I need to prove that this operator satisfies Ascoli-Arzelà's hypothesis.
$T: C^0[0,1] \rightarrow C^0[0,1] $, defined $Tu(x)=\int_0^x a(x,t) u(t)dt$, where $a(x,t)=C^0 ([0,1] \times [0,1])$.
Equiboundedness is okay, I need to prove equicontinuity: taken $\{ u_n \} \subset C^0[0,1], ||u_n|| \leq M$
So I take $|Tu_n(x)-Tu_n(y)| \leq \ldots \leq L|x-y| + C$ , by bounding several times.
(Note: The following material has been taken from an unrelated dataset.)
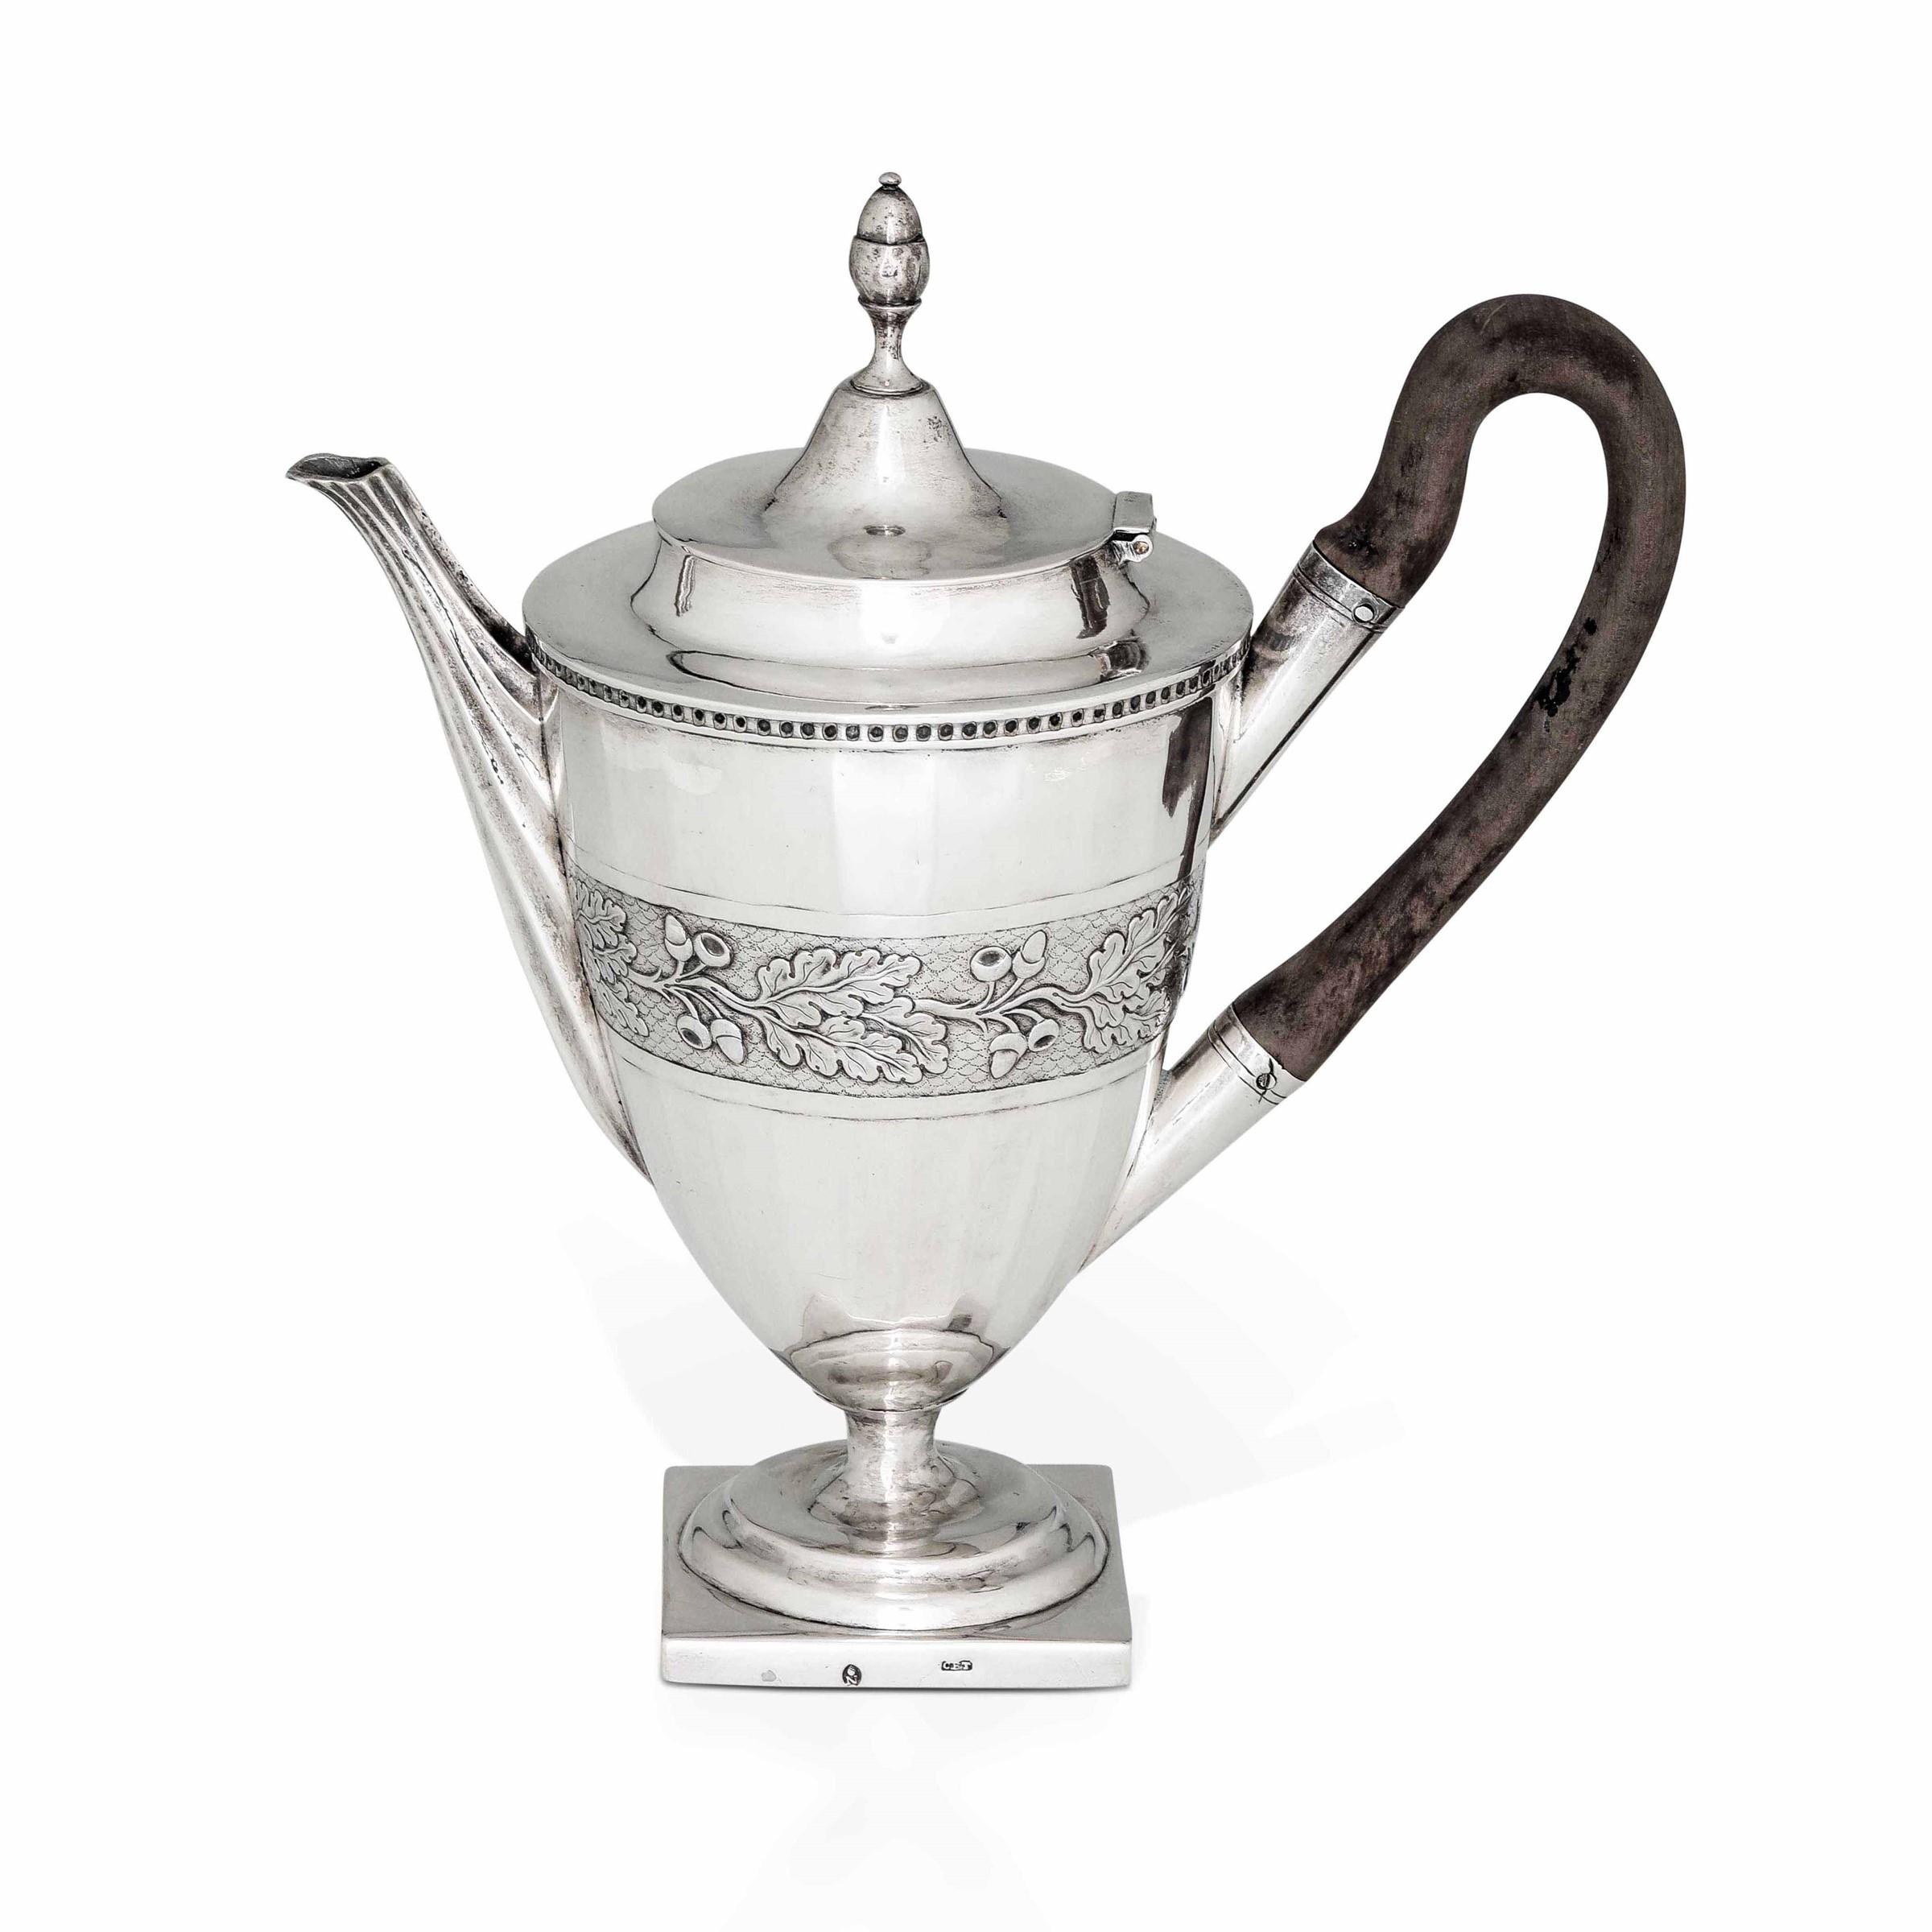 Caffettiera in argento fuso, sbalzato e cesellato. Ausburg 1802, argentiere Karl [...]

Is it enouth to conclude?
On
If you have a nice strategy to induce (uniformly) bounded $L$ and sufficiently small $C>0$ (depending on $\epsilon$, of course), then it will work. But I suspect that it cannot be implemented in most cases. You don't have to get a Lipschitz-like, very concrete bound to show equicontinuity. Here's an approach.
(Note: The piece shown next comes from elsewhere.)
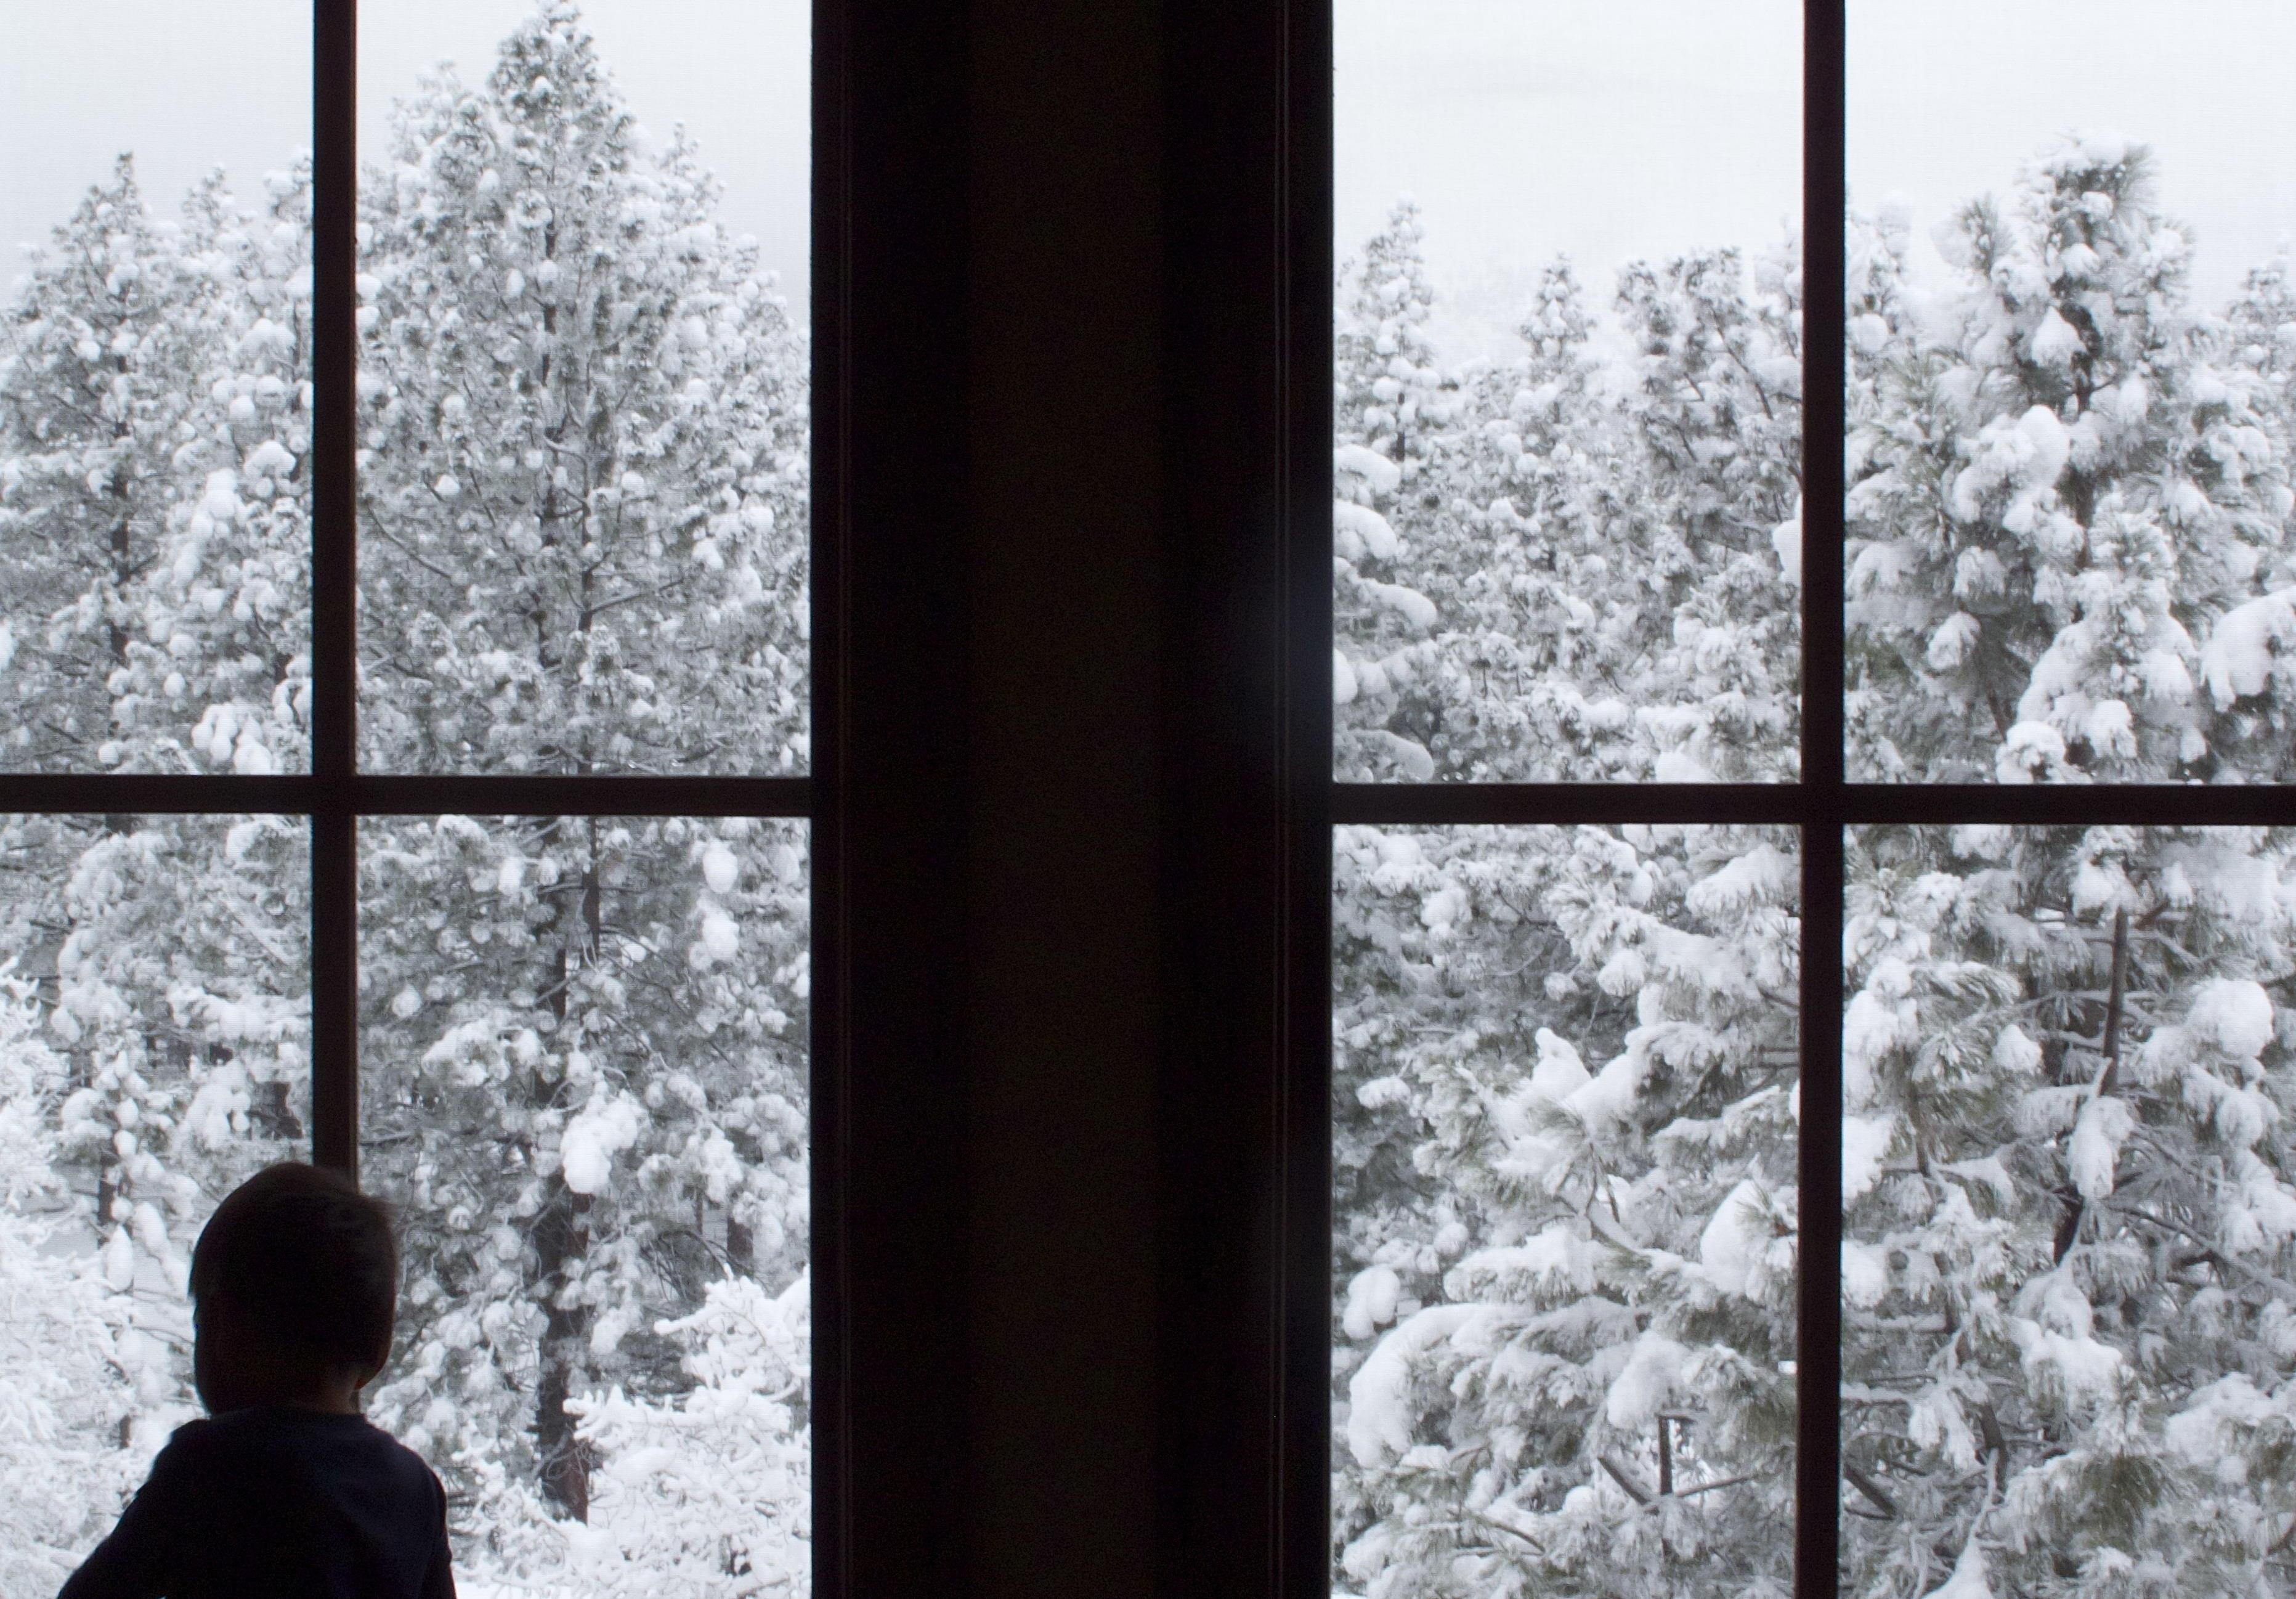 усилить картинки на тему за окном зима многих домов достигает

Let $M$ be a constant such that $\sup_n \|u_n\|\le M$ and $|\alpha|\le M$, and define$$ m(\delta)=\sup\{|\alpha(t,x)-\alpha(t',x')|:|(t-t',x-x')|\le \delta\}. $$ By continuity of $\alpha$, we have $\lim\limits_{\delta\to 0^+}m(\delta)=0.$ Let $\epsilon>0$ be given and we can find $\delta>0$ such that $m(\delta)\le \epsilon/M$. Note that we can choose $\delta$ so that $\delta<\epsilon/M^2$. We find that for all $0\le x- y\le \delta$ and $n\ge 1$, $$\begin{eqnarray} |Tu_n(x)-Tu_n(y)|&\le&\int_0^y |\alpha(x,t)-\alpha(y,t)||u_n(t)|\mathrm{d}t+\int_y^x |\alpha(x,t)||u_n(t)|\mathrm{d}t\\&\le& Mm(\delta)+M^2 \delta <2\epsilon. \end{eqnarray}$$ This verifies equicontinuity of $(Tu_n)$ as desired.
You need to prove that for every $\varepsilon > 0$ and $x \in [0,1]$ there is a $\delta > 0$ such that $|x-y| < \delta$ implies that $|Tu_n(x) - Tu_n(y)| < \varepsilon$. The kind of upper bound you exhibit is insufficient to do this (assuming from context that $C$ is a positive constant) since for $\varepsilon = C/2$ your upper bound is always bigger than $\varepsilon$.
Instead, assume without loss of generality that $y > x$ and bound \begin{align*} |Tu_n(x) - Tu_n(y)| &= \bigg| \int_0^x (a(x,t) - a(y,t)) u_n(t) dt + \int_x^y a(y,t) u_n(t) dt \bigg| \\ & \leq \int_0^x |a(x,t) - a(y,t)| |u_n(t)| dt + \int_x^y |a(y,t) u_n(t)| dt \\& \leq \int_0^x |a(x,t) - a(y,t)| M dt + M \|a\|_\infty |y-x| \end{align*} Now $a$ is continuous on a compact set and hence uniformly continuous so there is a $\delta < (2M \|a\|_\infty)^{-1} \varepsilon$ such that $|x-y| < \delta$ implies that $|a(x,t) - a(y,t)| \leq M^{-1} \frac{\varepsilon}{2}$ for every $t$. So for $|x-y| < \delta$, \begin{align} |Tu_n(x) - Tu_n(y)| < \int_0^x \frac{\varepsilon}{2} dt + \frac{\varepsilon}{2} \leq \varepsilon \end{align} as desired.